The Cambridge History of English and American Literature in 18 Volumes (1907–21).
Volume VIII. The Age of Dryden.
§ 26. Letters of Rachel Lady Russell
The Letters of Rachel Lady Russell, the devoted widow, as she had been the faithful wife, of William lord Russell, virtually begin with the death of her husband (of whose last paper, delivered to the sheriffs on the scaffold, a letter to king Charles II vindicates the genuineness) and with that of her only son, Wriothesley duke of Bedford. She survived him and her daughter the duchess of Rutland (who died a few months later) for twelve years, retaining to the last the clearness of mind and serenity of spirit which are characteristic of all her writing. Through all her troubles, she preserved a keen interest in public affairs, as well as in the extensive business of her private estate.

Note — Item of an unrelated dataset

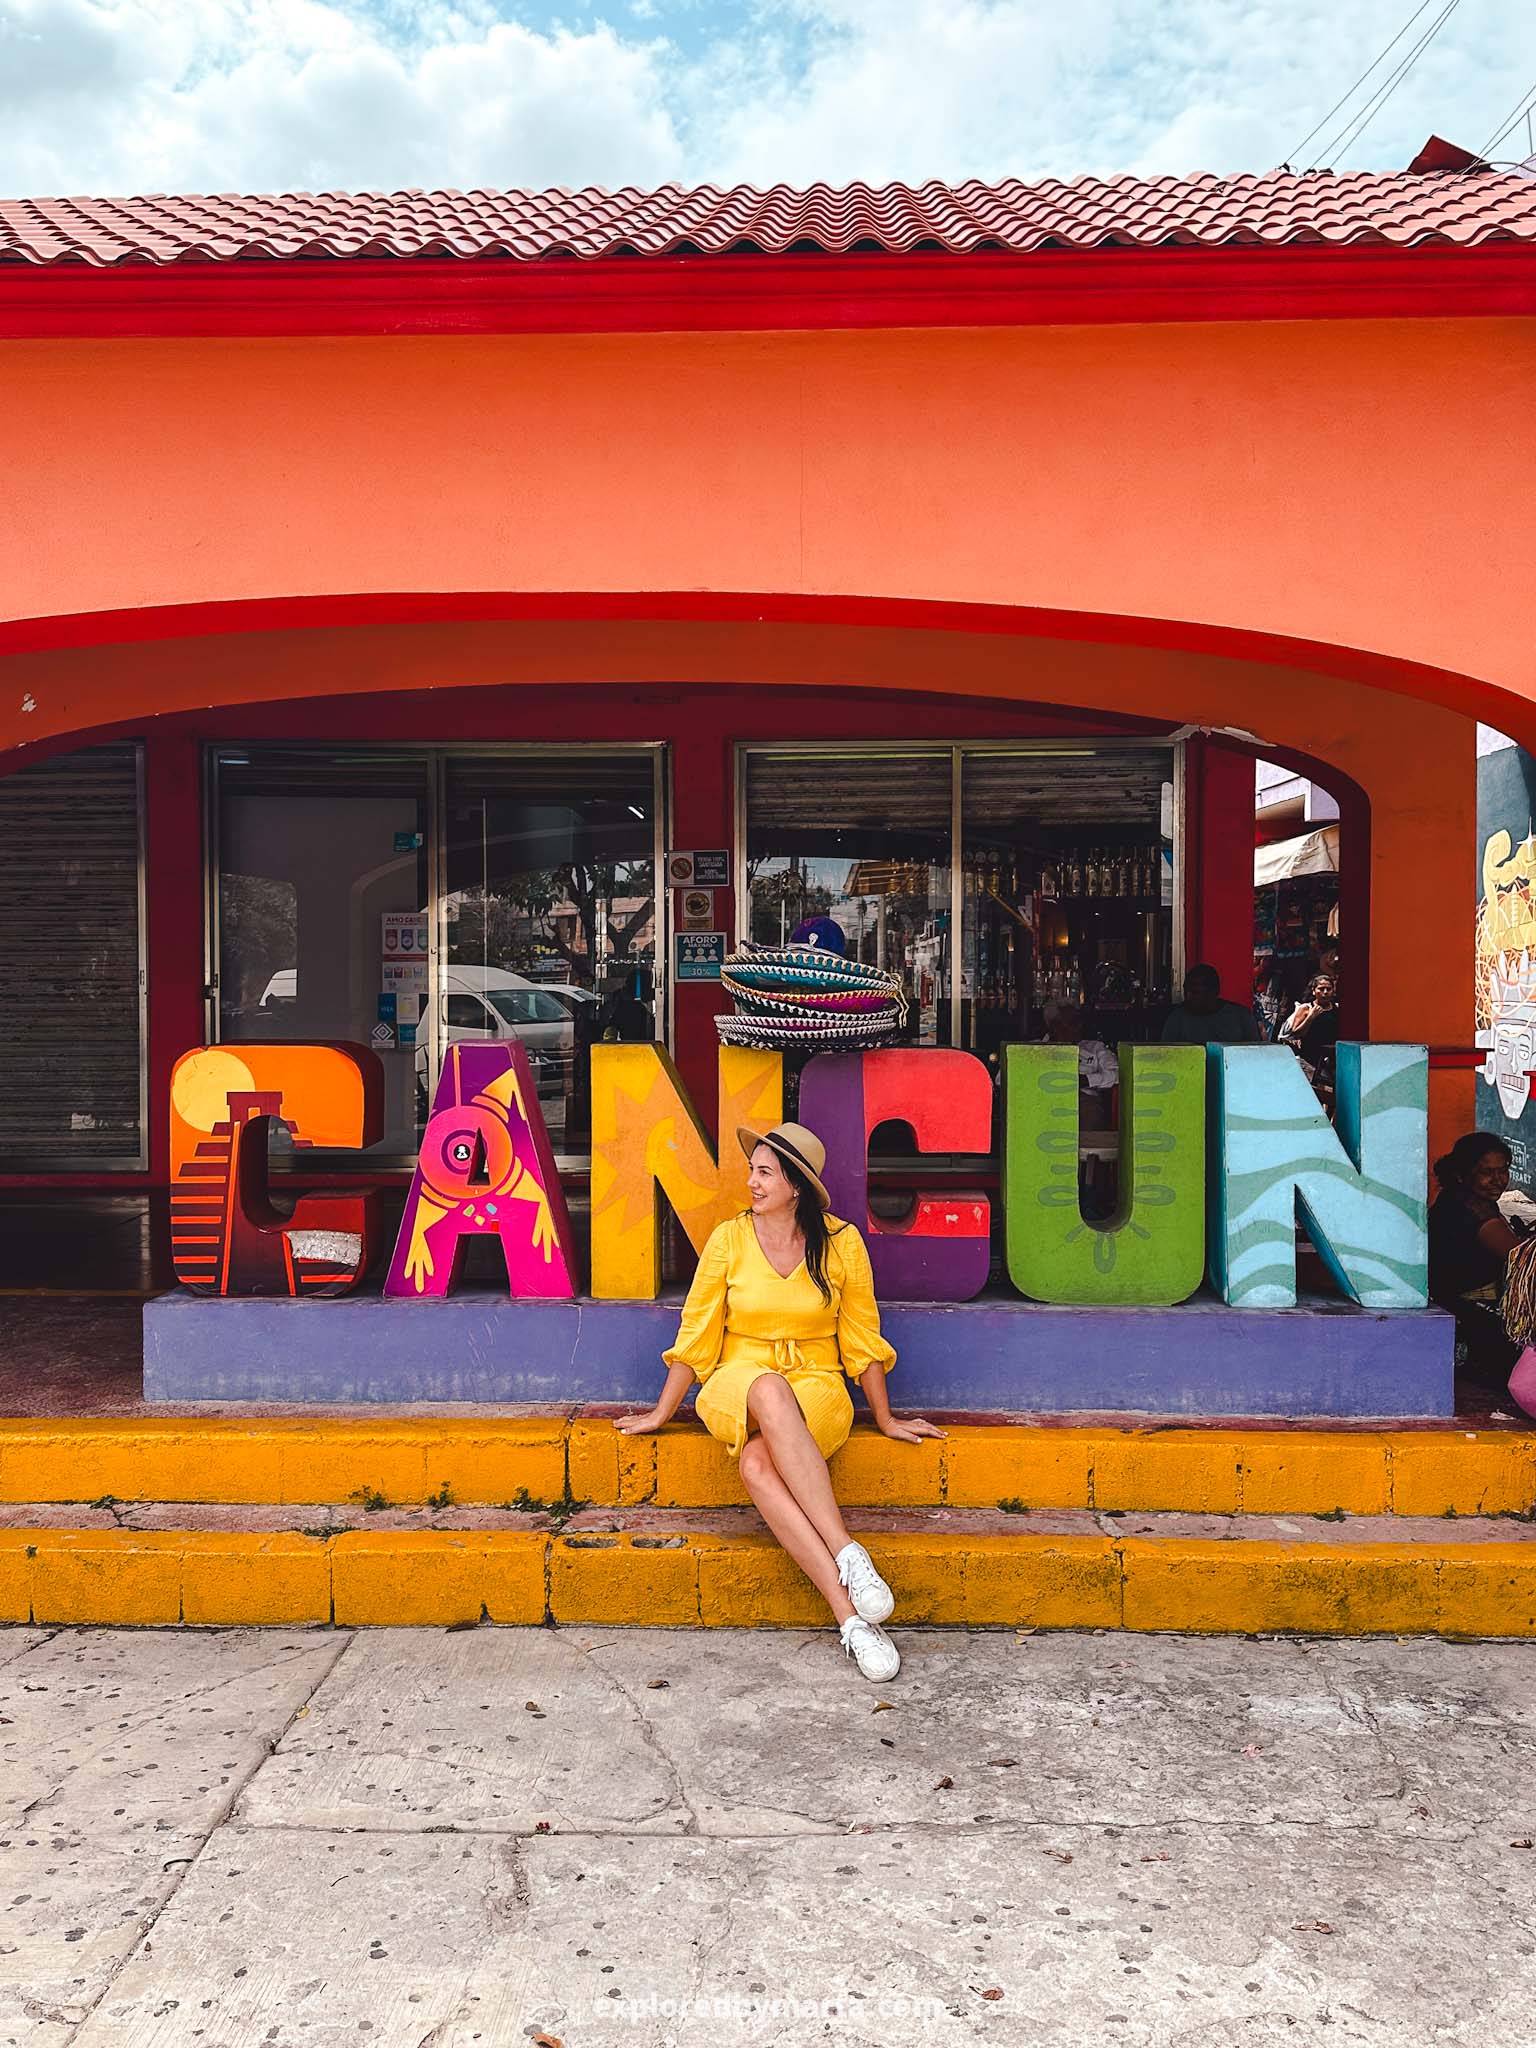 Cancun, Mexico - the colorful Cancun letters at Mercado 28

Her chief correspondents were divines, more especially her father’s chaplain and her own tutor John Fitzwilliam, whom she consulted on all subjects, together with Burnet and Tillotson; but she was also in frequent correspondence with leading statesmen and ladies of high rank. Her tone throughout is that of a self-possession at the same time devout and reasonable, to which the even calm of her style corresponds. She is not, however, without moments of wrath as well as of tenderness—the former being, on occasion, directed against the archfoe of civil and religious liberty both within and beyond his dominions—Louis XIV. She died in 1723, in her eighty-seventh year. Her Letters were first published in 1773.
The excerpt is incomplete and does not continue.